Figure 4 shows the spatial range query procedure. Queries are formulated in terms of their OPE encrypted Hilbert values and AES encrypted data points corresponding to encrypted Hilbert values are returned. The CSP searches the index created by DISC, performing comparison tests level-by-level, and proceeding to a node’s children if and only if the node’s LHV is greater than the query value. The CSP thereby obtains all leaves contained in the query region, and then returns data points in leaf nodes to the TU with Hilbert values corresponding to the queried values. We assume that the granularity for the Hilbert curve transformation is high enough, such that each data point is associated with a unique Hilbert value. The CSP cannot query the data points themselves as comparisons cannot be made on data encrypted using AES.

Fig. 4
figure 4

Query processing at the cloud service provider on encrypted data sent by trusted users

The Hilbert R-tree index improves the search performance as it uses Hilbert cell values to impose a total order on the entries. Algorithm 2 shows the complete spatial range query procedure. Lines 1−6 and Line 18 list the process at the TU, while Lines 7−17 highlight the query processing procedure at the CSP. First, the rectangular query region, QW ([(cx 0, cy 0), (cx 1, cy 1)]), is converted into a set of ascending Hilbert cell values (Line 2) and stored as QR at the user end. Next, in Lines 3−5, the TU encrypts QR using the encryption function K OPE . The encrypted QR is sent to the CSP as QR along with the encrypted query window QW. In Lines 9−16, starting from the root, the search descends the tree structure and examines all nodes, n, that have Hilbert values less than the queried values, QR. If n i is at the leaf level, each Hilbert value in the leaf node is checked against query Hilbert values in QR. The encrypted data points of matched values are returned as the query response, R, to the user (Line 17). In Line 18, the TU then decrypts the retrieved data points using the K AES key and generates the actual query response.

Dynamic updates at CSP

Besides processing spatial range queries efficiently at the cloud service provider, DISC allows dynamic updates on encrypted data. DISC takes advantage of the total ordering based on Hilbert transformed values in order to support updates. The proposed scheme is capable of updating an OPE encrypted index at the CSP without revealing the underlying index structure. Dynamic data includes three update operations on the encrypted index: insert, delete and modify. In order to update a spatial data point in DISC, the data owner first needs to issue an update request. Based on the request, the CSP has to locate (i.e. query) which leaf nodes of the index are directly affected. Lastly, all updates applicable to the parent nodes are propagated upwards till the root.
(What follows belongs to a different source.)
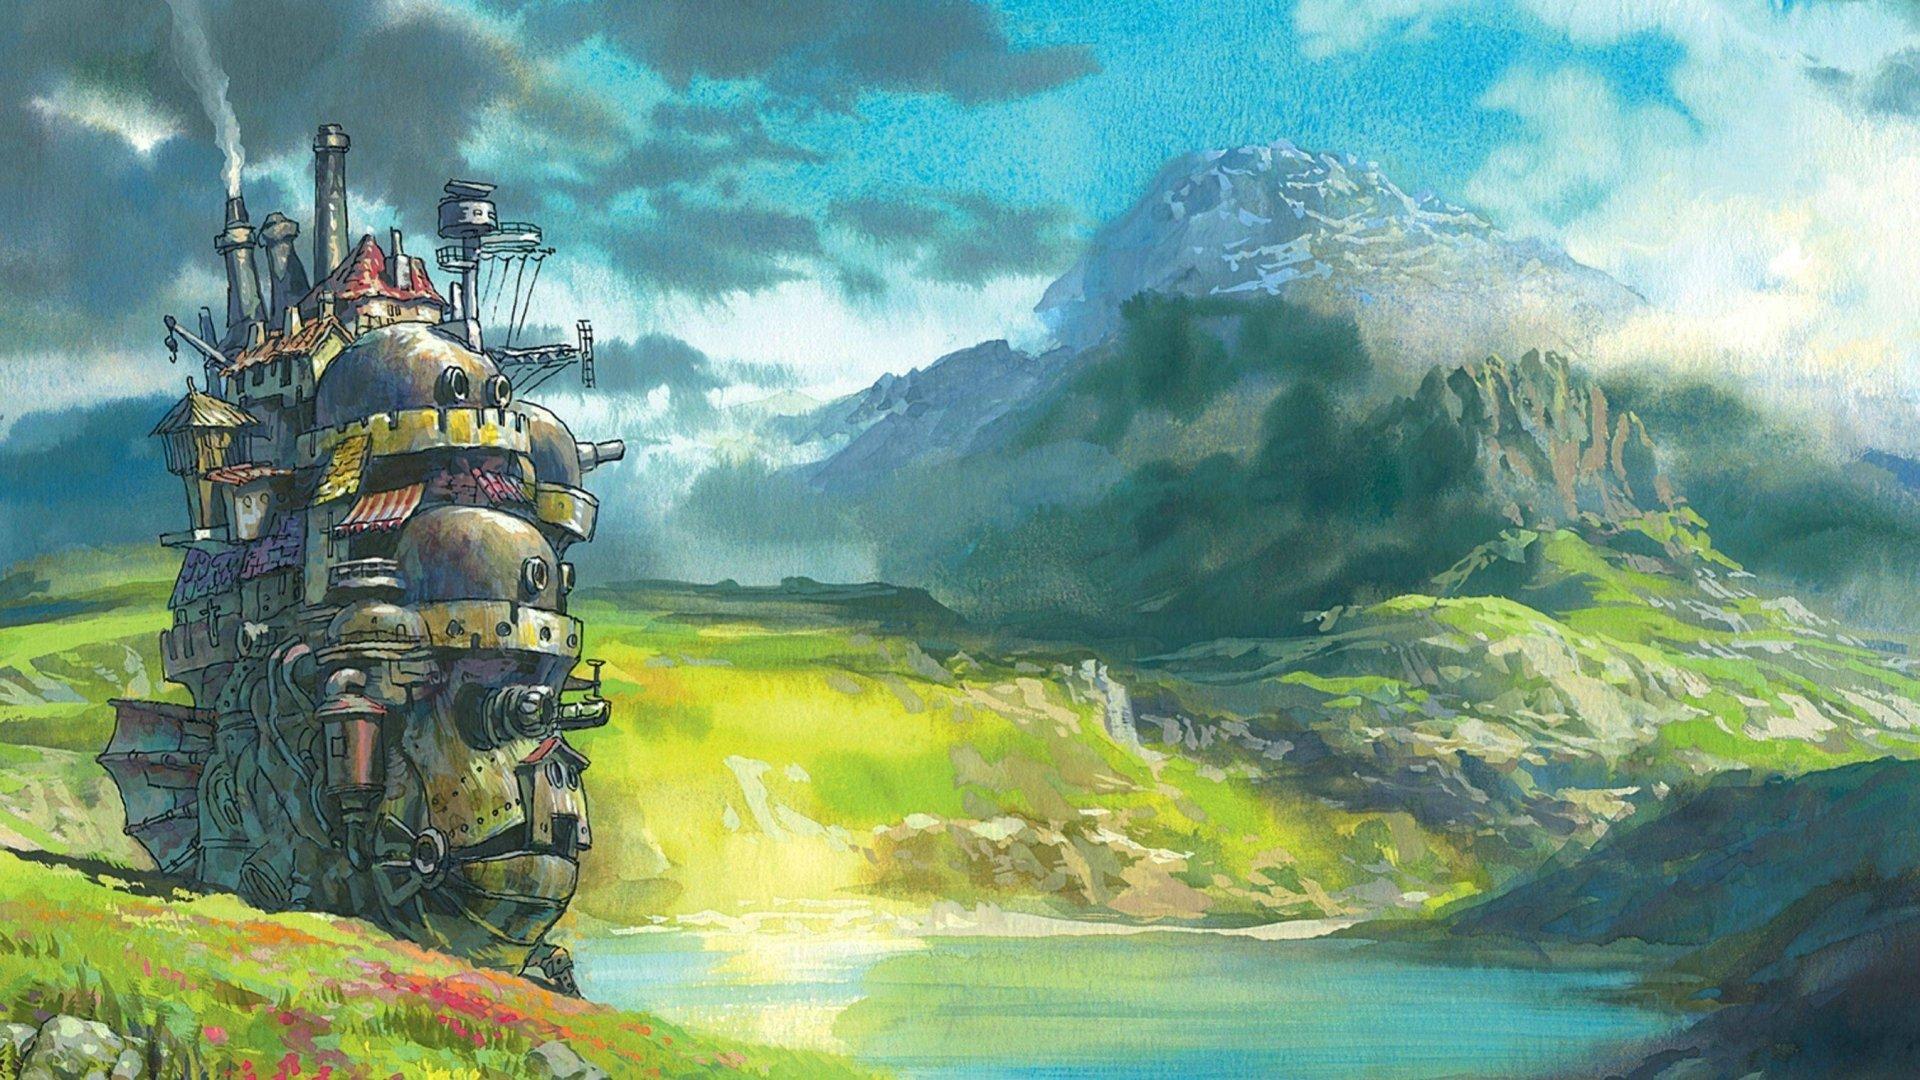 Wallpaper ID 303173  Anime Howls Moving Castle Phone Wallpaper Howl  Jenkins Pendragon Sophie Hatter 1440x3200 free download

Insert: The new spatial data point to be inserted is sent in an encrypted format by the DO to the CSP. The data point is encryped using AES and the corresponding Hilbert value (H) of the MBR centroid is computed and encrypted using OPE, so that comparison operations can be made. For insertion, the Hilbert R-tree index performs binary search on the total ordering of Hilbert values and these are used as the key value to find the insertion location in the encrypted index, based on simple value comparisons. Starting from the root node, at each level the node with the minimum LHV greater than H of all its sibling nodes is chosen. When a leaf node, n L , is reached, insertion can be done. If the node capacity of n L has not exceeded the node capacity, nodeCapacity max , the AES encrypted data point is inserted in n L along with the H value. If the leaf node, n L , is full, overflow has to be handled by by splitting the leaf node into two and moving half of the ordered entries to a new node. Lastly, the index has to be adjusted such that the LHV values of the parent nodes reflect the newly inserted value. The algorithm at the functional level is listed in Algorithm 3.
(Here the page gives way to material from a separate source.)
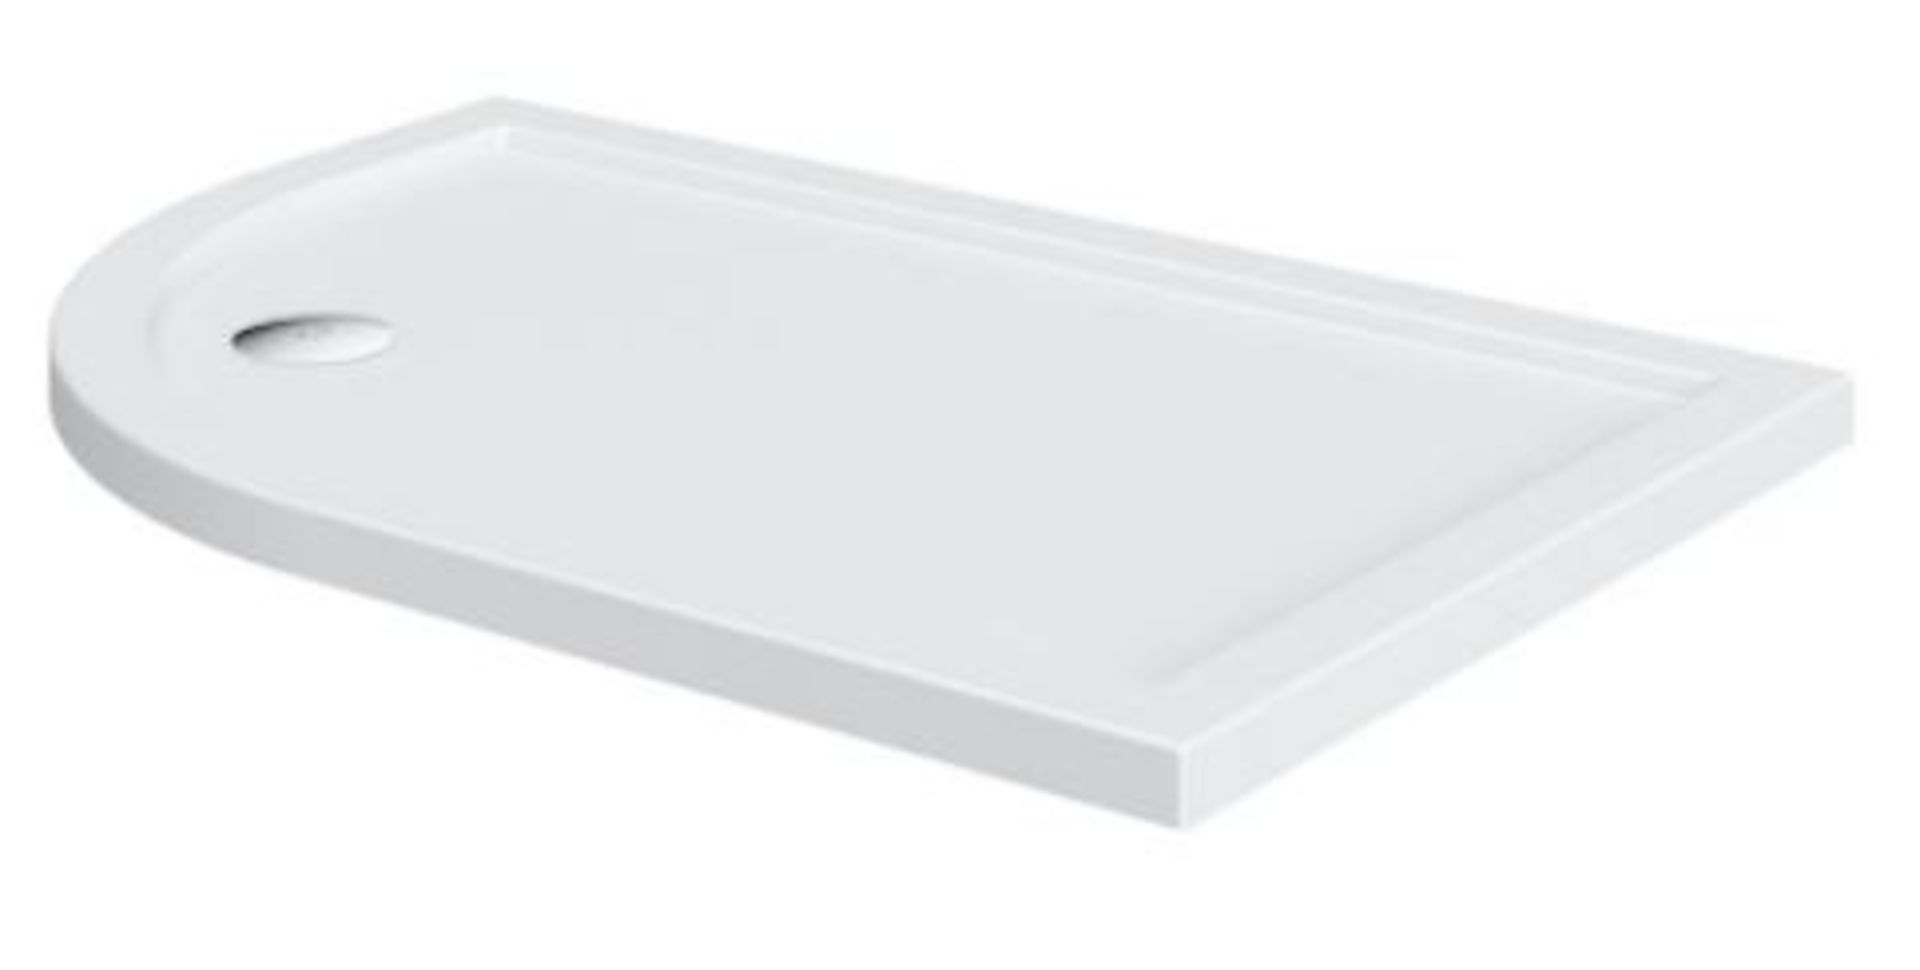 RRP £225. Orchard left handed offset quadrant stone shower tray 900 x 760. Appears new, Unopened Wi

Delete: To delete a data point, the Hilbert value of the data point to be deleted is sent in an encrypted format by the DO to the CSP. The Hilbert value (H) is encrypted using OPE, so that comparison operations can be conducted on the index. In the Hilbert R-tree deletion process, the entry with the Hilbert key value (i.e. leaf node, n L , with H) is removed without visiting multiple paths in the index. A delete update on the leaf node may cause n L to go under the minimum node capacity, nodeCapacity min . In the event of an underflow, sibling nodes can be merged together. A functional-level algorithm is listed in Algorithm 4.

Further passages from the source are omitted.